Consider a differentiable manifold $\M$ equipped with a differentiable scalar field $u : \M \rightarrow \mathbb{R}$ and a symmetric, positive-definite inner product $\innerprod{\cdot}{\cdot}_p : T_p \M \times T_p \M \rightarrow~\mathbb{R}_{\geq 0}$ defined at all $p \in \M$. (Here $T_p \M$ is the tangent space of $\M$ at $p$.) 
By the Riesz Representation Theorem (see, e.g., \cite{rudin1987real}), at each  $p \in \M$ there exists a \emph{unique} vector $\grads{} u(p) \in T_p \M$~with
\begin{equation}\label{gengrad}
    D_pu(\xi) = \innerprod{\grads{} u(p)}{\xi}_p \quad \fa \xi \in T_p \M,
\end{equation}
where $D_pu(\xi) : T_p \M \rightarrow \mathbb{R}$ is the directional derivative of $u$ at the point $p$ in direction $\xi$, i.e.,
$D_pu(\xi)~=~\langle \nabla u(p), \xi\rangle$ where $ \nabla u(p)$ is the usual Euclidean gradient of $u$ at $p$ and $\langle \cdot, \cdot \rangle$ is the Euclidean inner product. Equation  \eqref{gengrad} allows us to associate to each point $p\in \M$ a vector $\grads{}u(p)\in~T_p~\M$, or in other words, to define a gradient flow on the manifold $\M$ given explicitly by  $  \dot{p} = \grads{} u(p)$.
Moreover, simply by construction, it follows that the function $u(p)$ is nondecreasing along the trajectories of the gradient flow, i.e., $\dv{u(p)}{t}\ge 0$ since $\dv{u(p)}{t}
=\langle \nabla u(p), \dot{p}\rangle
=D_pu(\dot{p})=\innerprod{\grads{} u(p)}{\dot{p}}_p = \innerprod{\dot{p}}{\dot{p}}_p \ge0,$
and moreover $\dv{u(p)}{t}=0$ if and only if $\dot{p}=0$ (as the inner product $\innerprod{\cdot}{\cdot}_p $ is positive definite), so $u$ is in fact strictly increasing along gradient flow trajectories unless at a fixed~point.

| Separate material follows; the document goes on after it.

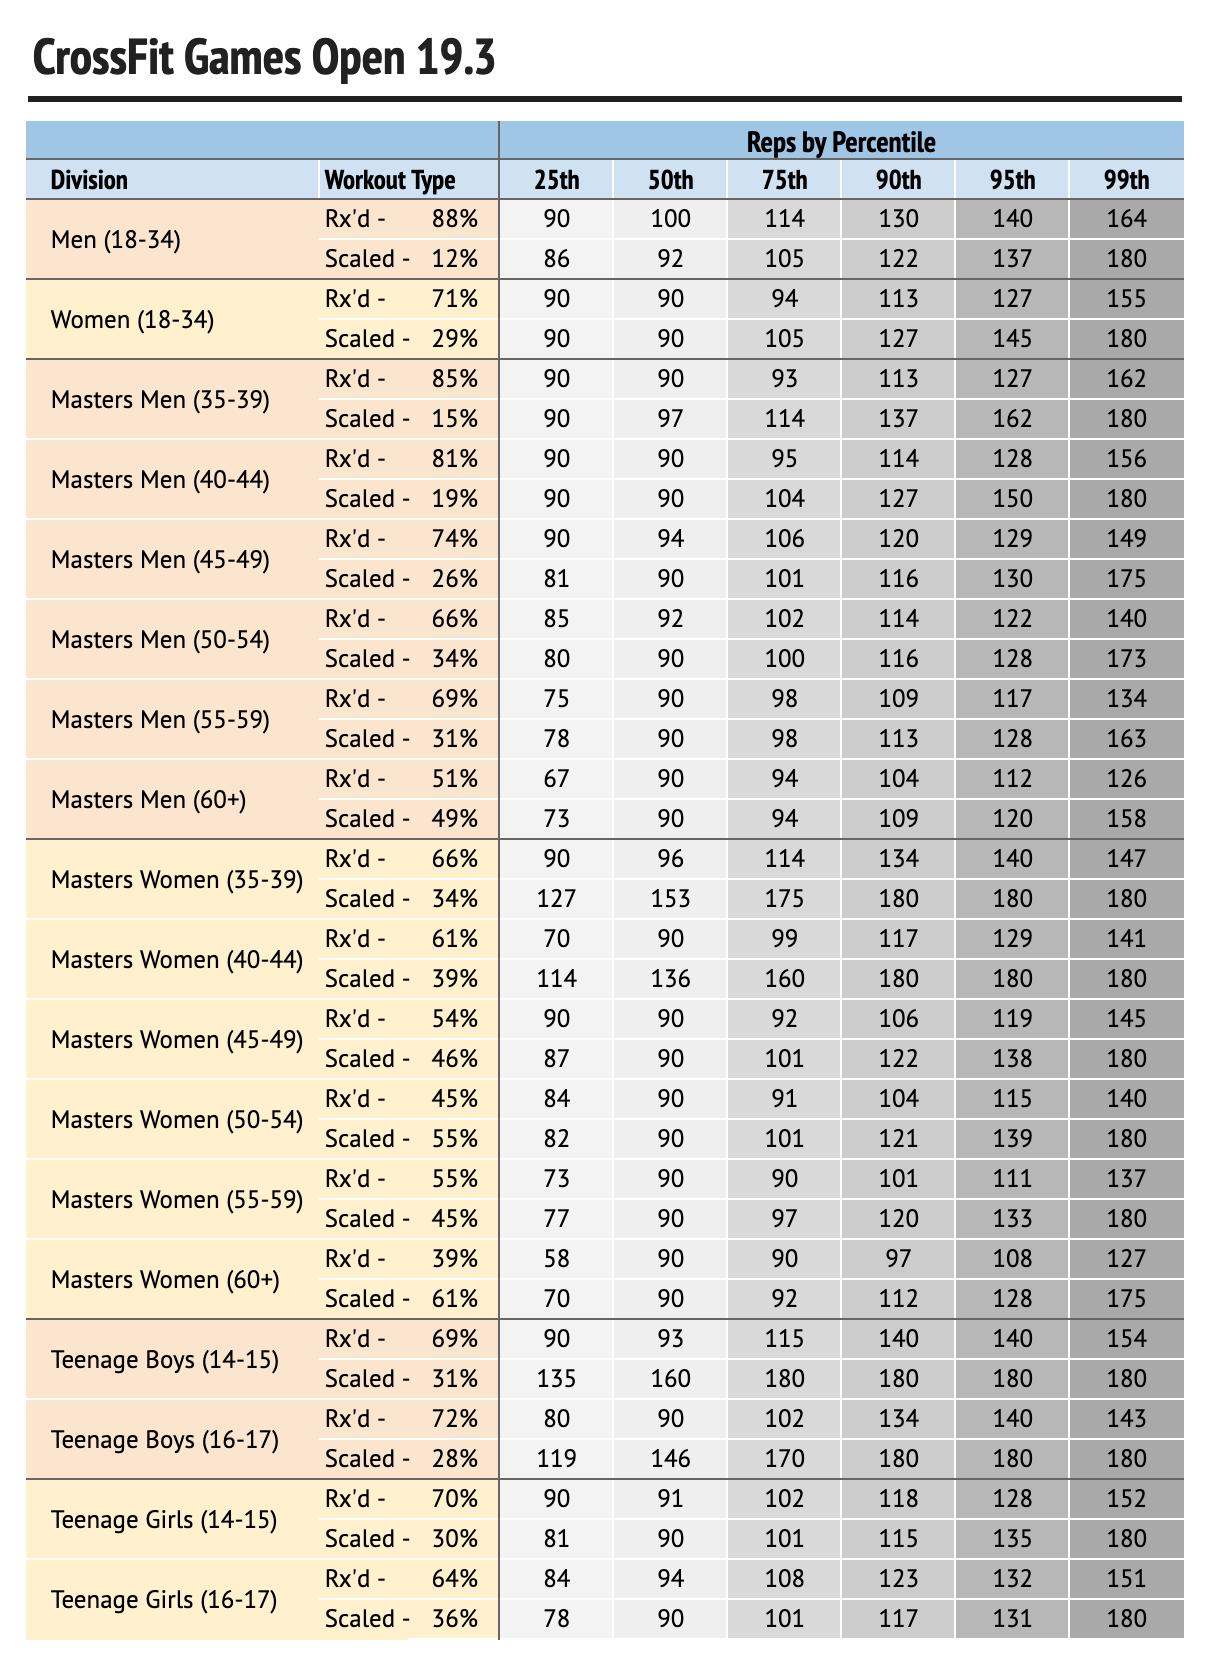 19-3 percentiles

\paragraph{Quantum Shahshahani gradient flow.}
\label{subsec:_GradFlow_IntrinsicMetric}
Consider a two-player quantum CIG  with common utility 
$
u(\rho, \sigma)= \langle\rho, \Phi(\sigma) \rangle.
$
Our goal is to provide continuous-time dynamics that improve the utility $u(\rho,\sigma)$. The state space we are operating in is the manifold
$\M~=~\da~\times~\db$,
so all that remains is to select a metric on the manifold of density matrices which would imbue the product manifold $\M$ with the product metric, giving a gradient flow.
To accomplish this, we consider the generalized family of Riemannian metrics on the manifold of  PSD matrices parametrized by $q \in \mathbb{R}$, which we call the \emph{quantum $q$-Shahshahani metric}:
\begin{equation}
\label{cor:_a_quantShah}
    \innerprod{A}{B}_\rho^{(q)} := \Tr[\rho^{-\frac{q}{2}}A \rho^{-\frac{q}{2}}B].
\end{equation}
Indeed, in the case of diagonal matrices this family of metrics reduces to the $q$-Shahshahani family of metrics on the simplex (see \cite{mertikopoulos2018riemannian}).  On the PSD manifold, $q = 0$ gives the Euclidean inner product $\Tr[AB]$, while $q = 2$ gives the intrinsic Riemannian metric, e.g. see   \cite{bhatia2009positive}. In addition, $q=1$ reduces to the Shahshahani metric on the simplex in the case of diagonal~matrices.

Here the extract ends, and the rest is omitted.